The above three points correspond to the three principles of the Stoics: desire, action, and identification. 

The virtues corresponding to desire are courage (acting in the face of facts) and temperance (managing desire to match what we can do). The virtue upon which the principle of action rests is justice. 

The virtue on which the principle of identification rests is practical wisdom.

  • Wisdom (practical): Navigate complex situations in the best possible way.
  • Courage: Do what is right (both biologically and morally) no matter what the situation is.
  • Justice: Treat everyone fairly and in good faith, regardless of high or low.
  • Temperance: Practicing the principles of moderation and self-control in all aspects of life.

Wherever I go, I am accompanied by the sun, the moon, the stars, the omens, and the dialogue with the gods."

5. The Path 


The Path: What Chinese Philosophers Can Teach Us About the Good Life by Michael Puett

Many people think that the West sets the direction of history and provides a perspective on everything, but it is this perspective that keeps us from seeing things as they are. 

The following three errors occur:

  1. We believe that we are living in an era of unprecedented freedom.
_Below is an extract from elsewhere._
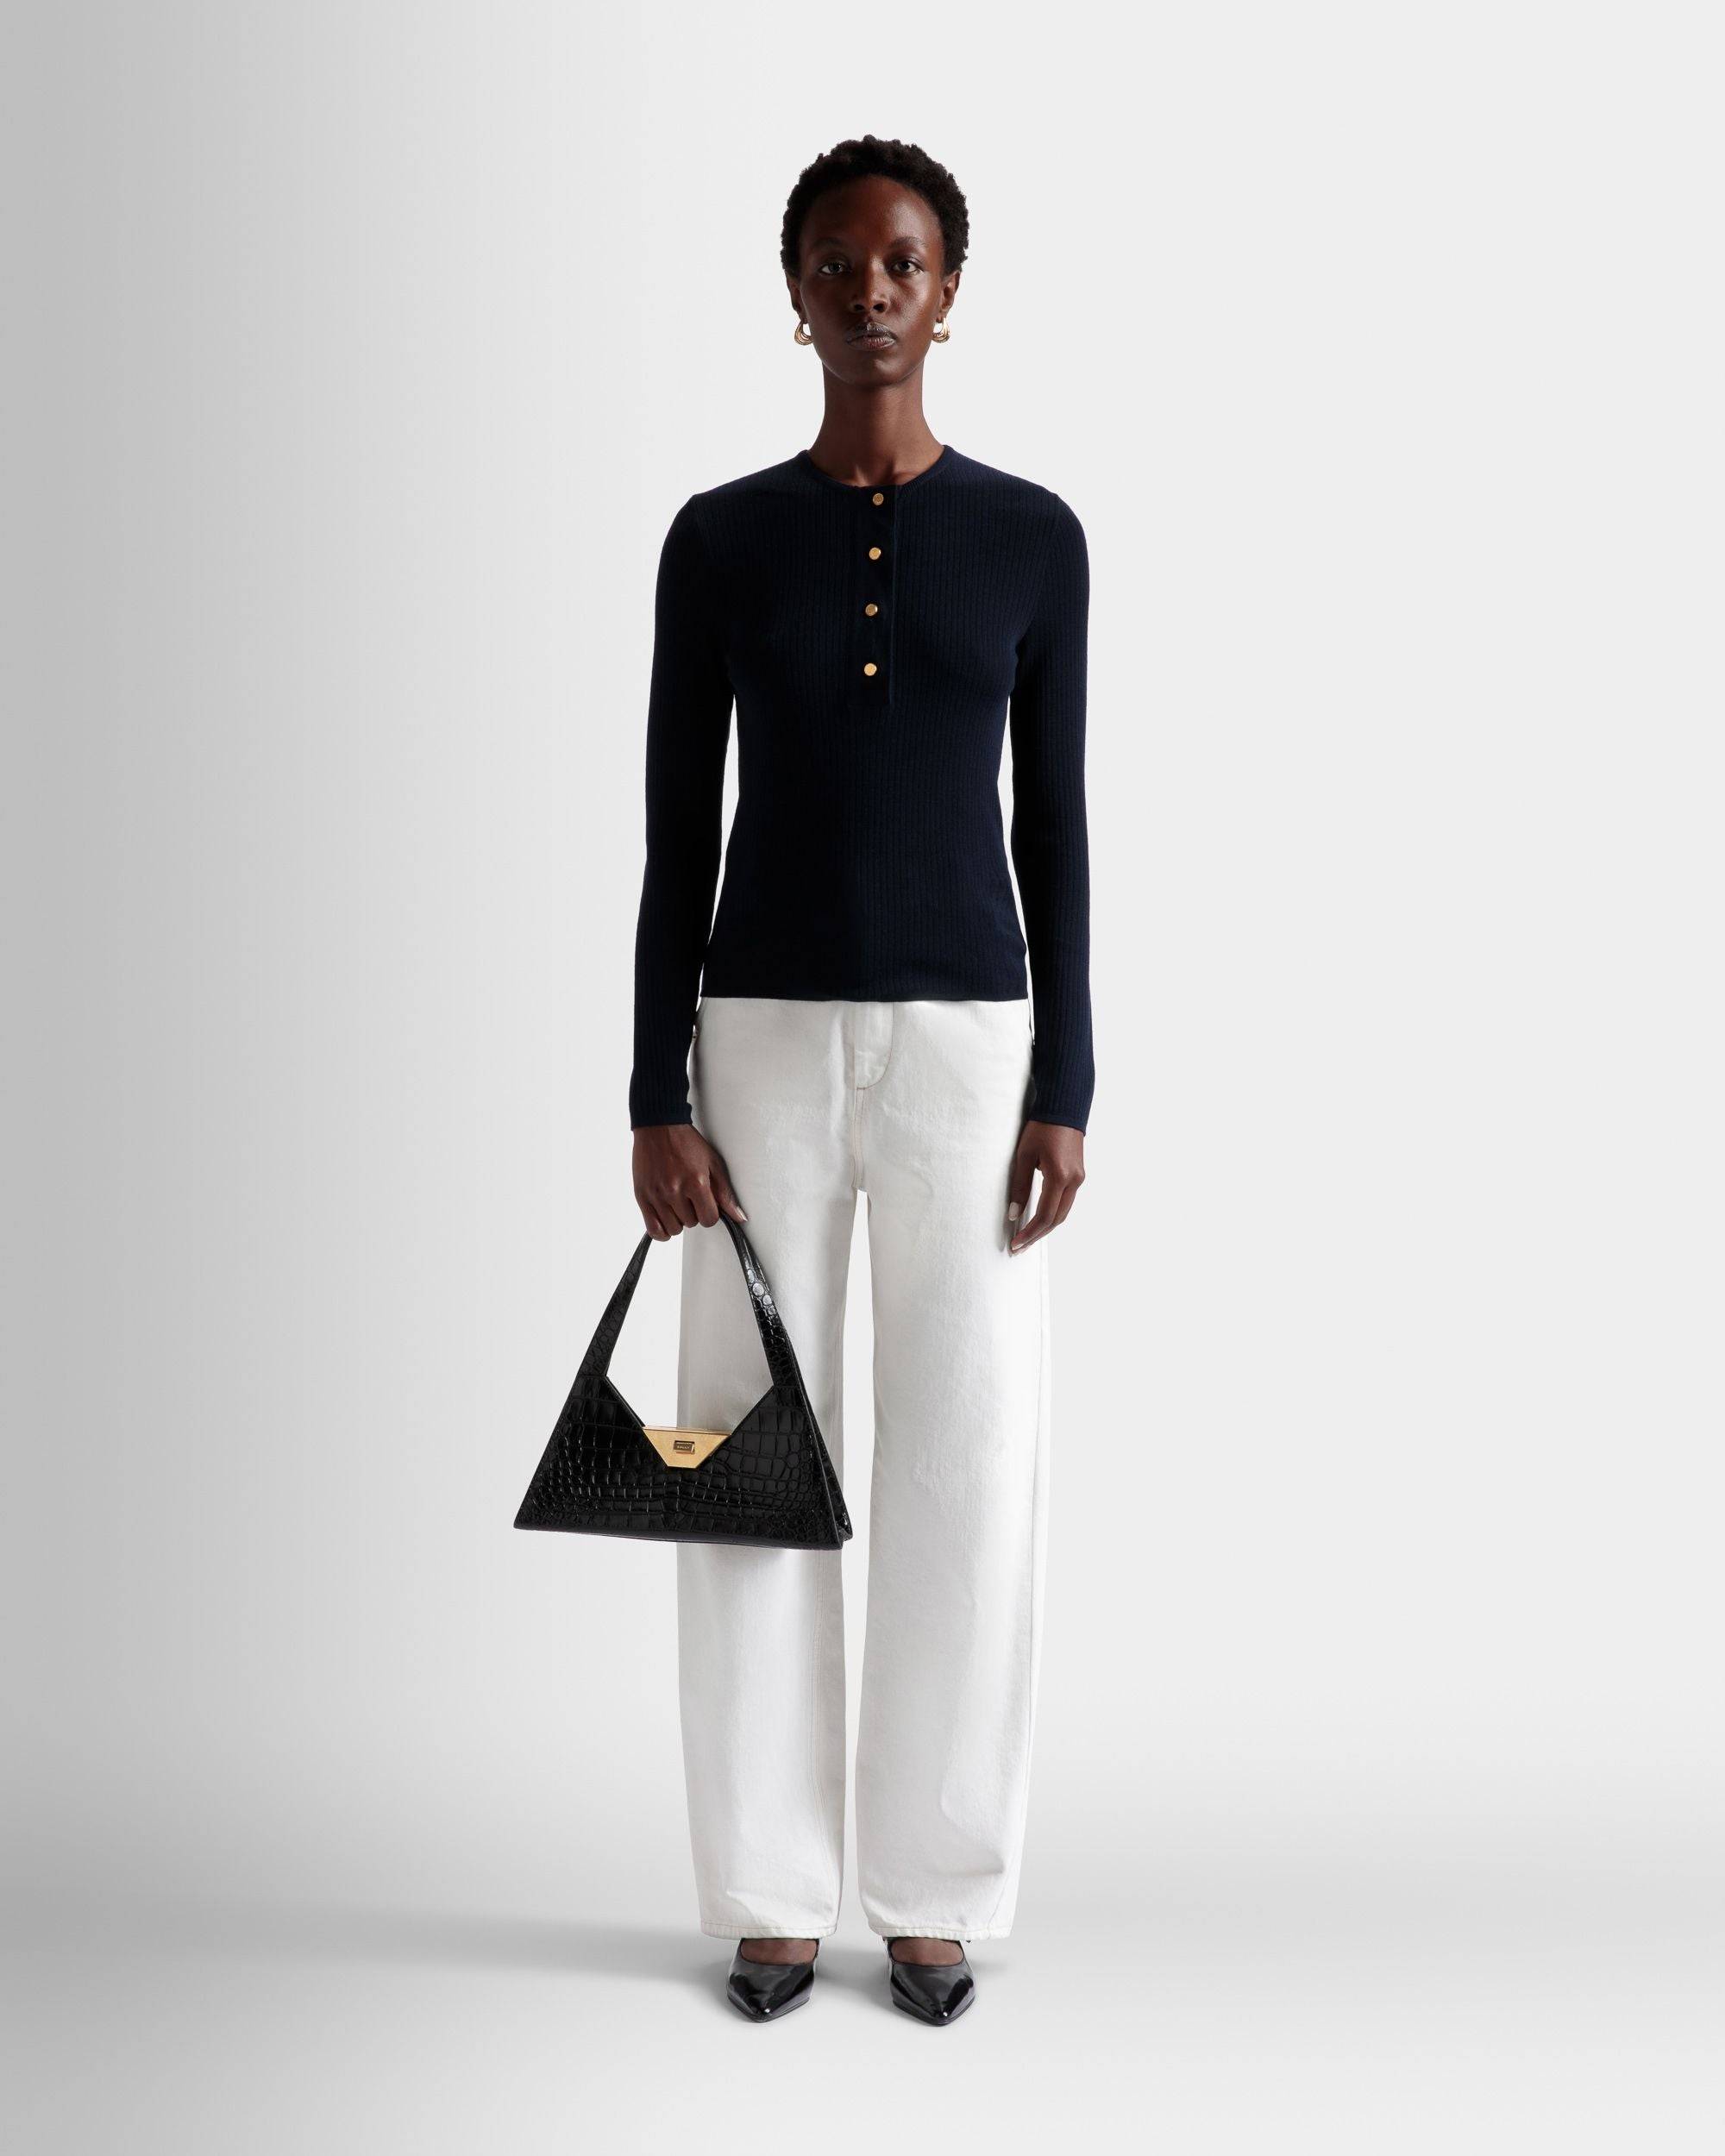 Trilliant Small Shoulder Bag | Women's Shoulder Bag | Black Leather | Bally | On Model Front

It took more than two centuries to get rid of fascism, capitalism, bureaucracy, feudal dynasties, medical science, and technological progress. However, the environment and humanitarianism are becoming more and more serious. When our posterity looks back on this era, is it a time of prosperity, freedom, equality, or complacency?
  2. We think that we can grasp the direction and opportunities of choosing the direction of life and fight against fate through rational minds, fine calculations, overcoming emotional prejudice, and turning experience into data. Is it really?
  3. We believe that this era is to pursue oneself, show oneself, and be true to oneself in order to achieve goals and find one’s true self. The danger of this era is also to limit the narrow cognition of self and only see a small part of one’s own potential.

The traditional view of history can lead people to ignore the diversity of existence, and modern people believe that only the dominant ideas of the present can control life, which only creates complacency and the truth of modernity is only one of many narratives, which is constructed from characteristics. time and place.

Chinese philosophers will guide us to rethink ourselves, think about the many possibilities in the future, and apply philosophical ideas to our personal lives and practical work. 

The moment I saw the title of the book, I became curious - how would I view Chinese philosophy from the perspective of a Westerner, and what effect could this have on my life? Different from the big topics and metaphysics of Western philosophy, 

Chinese philosophy is very down-to-earth, and he helped me redefine my life

  1. Ritual is not a rigid movement process, but a kind of [imagination], through which people establish a relationship between people. new contact. 
  2. Good qualities such as benevolence and kindness are not useless. Continued self-cultivation becomes an instinct that allows us to spontaneously respond correctly and ethically to things. Through these responses, we can inspire those around us to respond appropriately. 
  3. The Tao is not unpredictable, but every thought and every response we have in our daily life. All choices converge in one's own way 
  4. When you want to improve interpersonal relationships, you must "break" with reality, from the perspective of others, or the perspective of the wider world 
  5. I am a contradiction, changing all the time, with no Qualitative Self. Living in a broken, changing, and surprising world. Nothing is stable, live in the broadest possible way. 
  6. The world is interconnected, and my responses lead to a cascade of effects. 
  7. Overcome the strong with the weak, overcome the strong with softness, and 
  8. maintain a "weak" attitude, which will make me calm and humble, and 
  9. paralyze the opponent to seize the opportunity to counterattack. 
  10. Music and poetry can stimulate a person's perception the most. 
  11. A stable heart and clear ears. 
  12. Embrace everything in constant flow and change 
  13. Work hard to "spontaneity" and follow the path 
  14. I created the world I experience now, and I will make it Be better 
  15. Be open to everything 

6. Critique of Pure Reason 


Critique of Pure Reason by Immanuel Kant 

In the introduction, Kant made it clear that this book has universal and inevitable validity, not belonging to individuals but to all mankind. Before Kant, philosophy had gone through a long history of metaphysics. 

The metaphysics that Kant refers to are the theory about the origin of the world, the highest purpose of the world, etc. 

Specifically, it is freedom, the immortality of the soul, and the existence of God. Kant wants to put an end to the long-term dispute. 

He said that reason is in trouble because it finds its own incompetence when using the empirical principle to advance to the highest principle, and turns to the transcendental principle, but falls into darkness and contradictions, knowing that there are fundamental Sexual errors that are yet to be found. 

So Kant hoped to make a once and for all attempt to end all disputes and find the fundamental error, so the book "Critique of Pure Reason" was born.

From the very beginning, Kant made a distinction between several important concepts: the rational is objective and universal, and the sensibility is individual and changeable. The intellect is the knowledge created by reason on the basis of the perceptual. 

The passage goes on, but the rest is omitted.